Ainge has done a spectacular job over the past 6 years.
He's put us in position to contend every year.
08 - Championship
09 - 60+ wins, KG, Powe, TA hurt - second round up 3-2; 2 young bigs; great 1st rnd
10 - magnificent run, 2 possessions short of a championship, KG (one leg), no Perk
11 - best team through mid-year; just Shaq short (and Rondo's arm) of challenging Dallas
12 - could've/should've beaten eventual champion (against all odds) - no Bradley, Green/Wilcox out; 6 guys - absolutely no bench: fantastic result
I'm excited to see how this team develops. Imagine this group with Sullinger, Rondo and another contributing big.
Solid second round team with upside potential.
Better to keep Garnett Pierce always.

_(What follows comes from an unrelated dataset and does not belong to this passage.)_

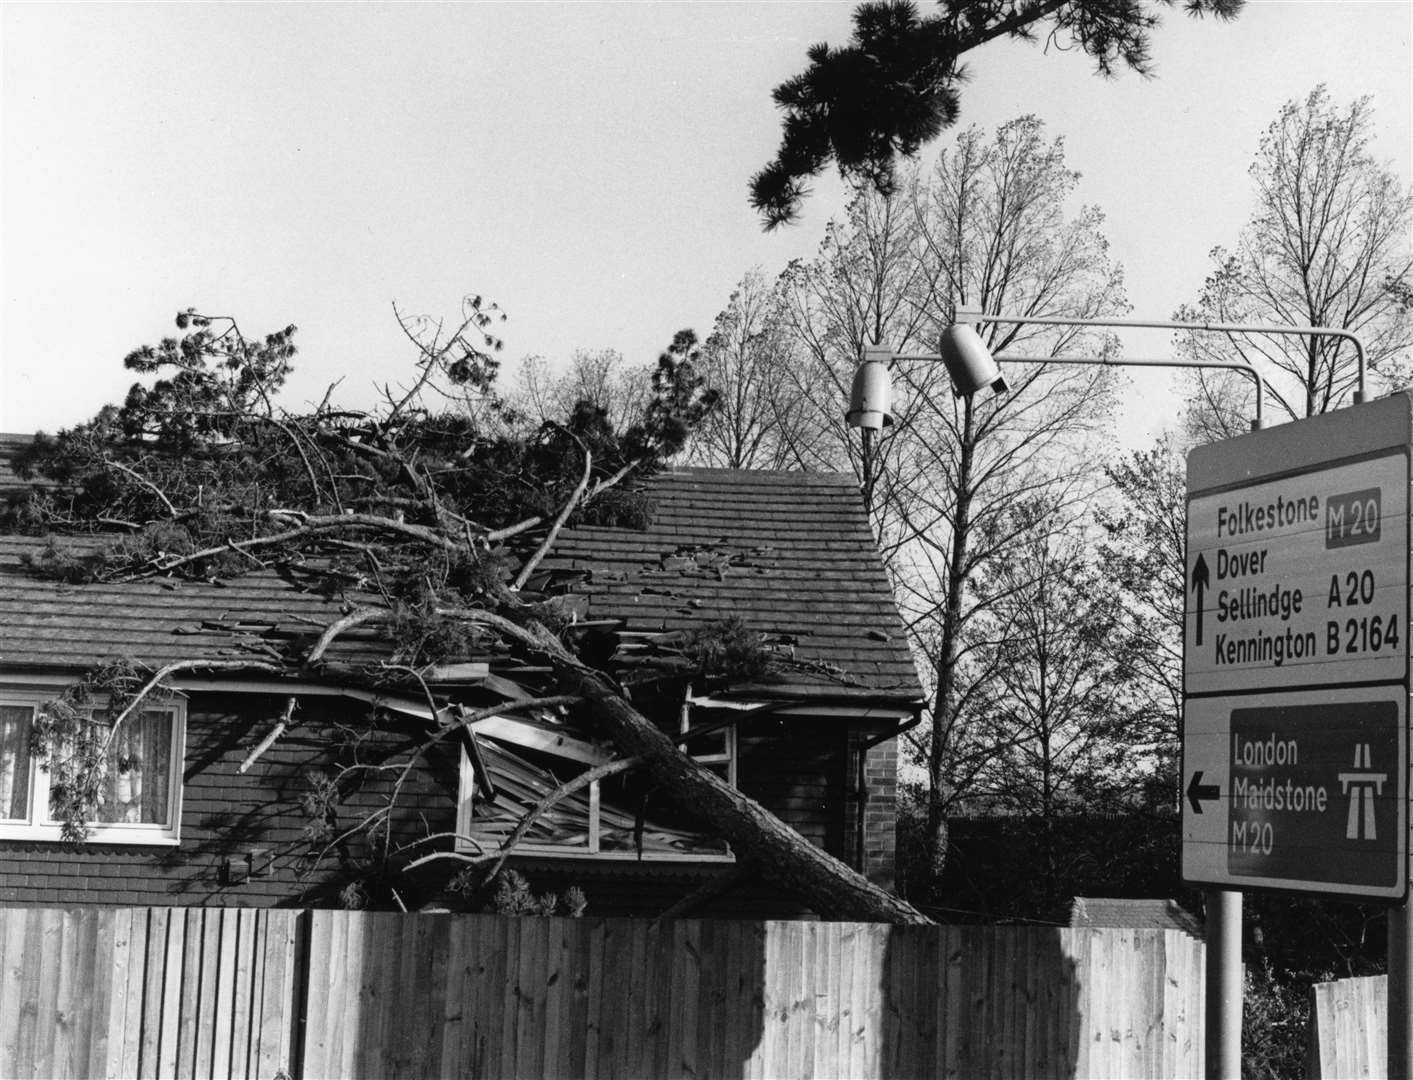 Great Storm 1987: A tree fell through the roof of a house in Hythe Road, Ashford

It's a franchise legacy thing. That's why we're not Atlanta. We're Russell, Havlicek, Bird et. al. Garnett and Pierce need to train the next group -- for that alone, they should retire here.

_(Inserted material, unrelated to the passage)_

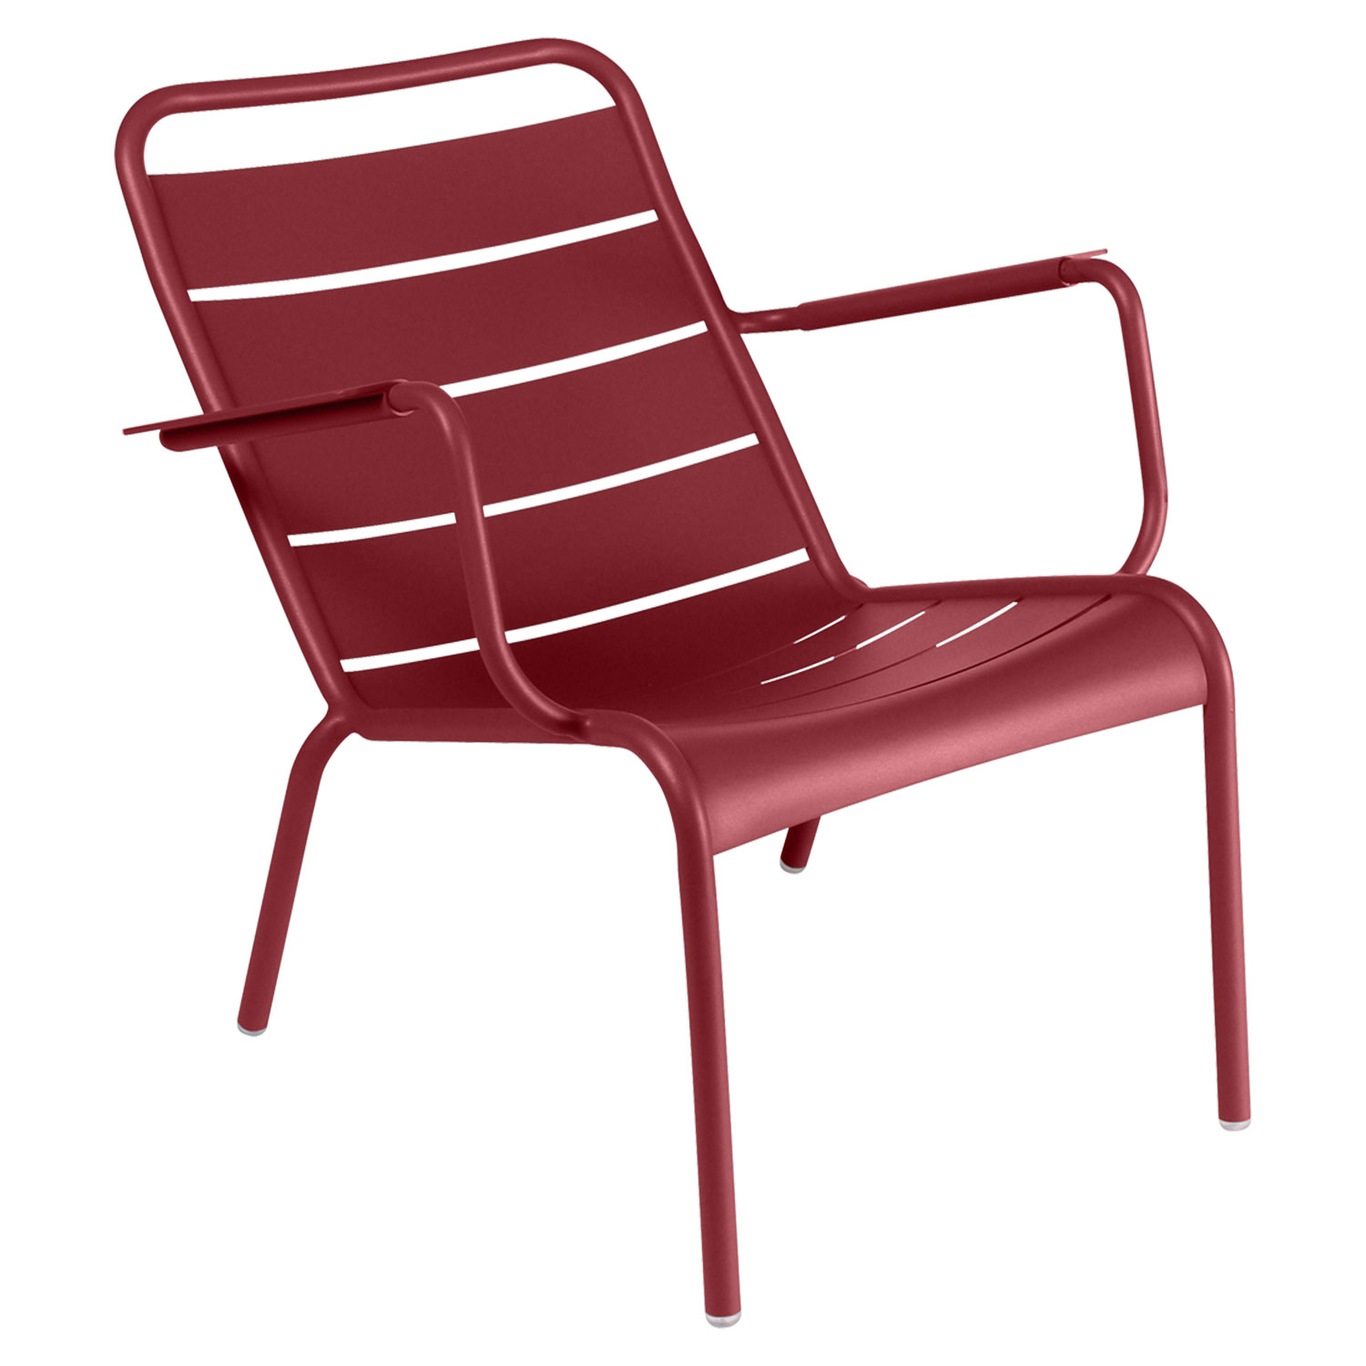 Luxembourg Armchair Low, Chili

Who are the great GMs in the league (besides Ainge)? Spurs? OKC? right?
We've outperformed the Spurs through the playoffs every year (in spite of them having their championship core). If you're going to measure by Championships and Finals, they've come up shorter than we have the past 6 years. OKC? They got Perk to challenge LA and the league completely shifted on them. They were a better team last year. (Imagine a small lineup with Ibaka, Durant, Green, Westbrook and Harden.) They overthought and overtraded.
I think Ainge has done nearly everything in his power the last six years to give Doc a team that could contend. Perk wasn't coming back. He got Perk a lifetime deal in OKC -- very, very humane. This was an act of extreme generosity and shows how much they cared about him as a person. Perk (that year) wouldn't have gotten us any farther. Only a healthy Shaq would have gotten us a 50-50 shot at Dallas (see 1st 25 games of that season). TA wanted a bigger role. I don't think they could have retained him. That oversight of attention is possibly the only error I see.
Draft picks? That's like choosing 2 stocks from 100 and later finding that one of the 98 you didn't pick actually performed a little better. You make a thorough and rational choice based on the info (and needs) you have and live with the consequences. It isn't possible (or even necessary) to make a perfect decision in such situations (and failing to do so doesn't diminish a person's accomplishments).
So now Doc is learning the Innovator's Dilemma. Success becomes the trap that prevents constructive change. We're moving from a scripted half-court team and strict man-to-man D to something else. The personnel have changed. The old lions are only part of the whole.
The questions for me are: who starts? where? what's the rotation? what are the roles? and how good can this team be?
Ainge is right. This is an interesting team. Thank goodness we're not Miami or OKC.
We are and always will be Celtics. So stand up straight, clean yourselves up, and make sure in your daily lives you live up to the same high standards you expect from this great group of warriors.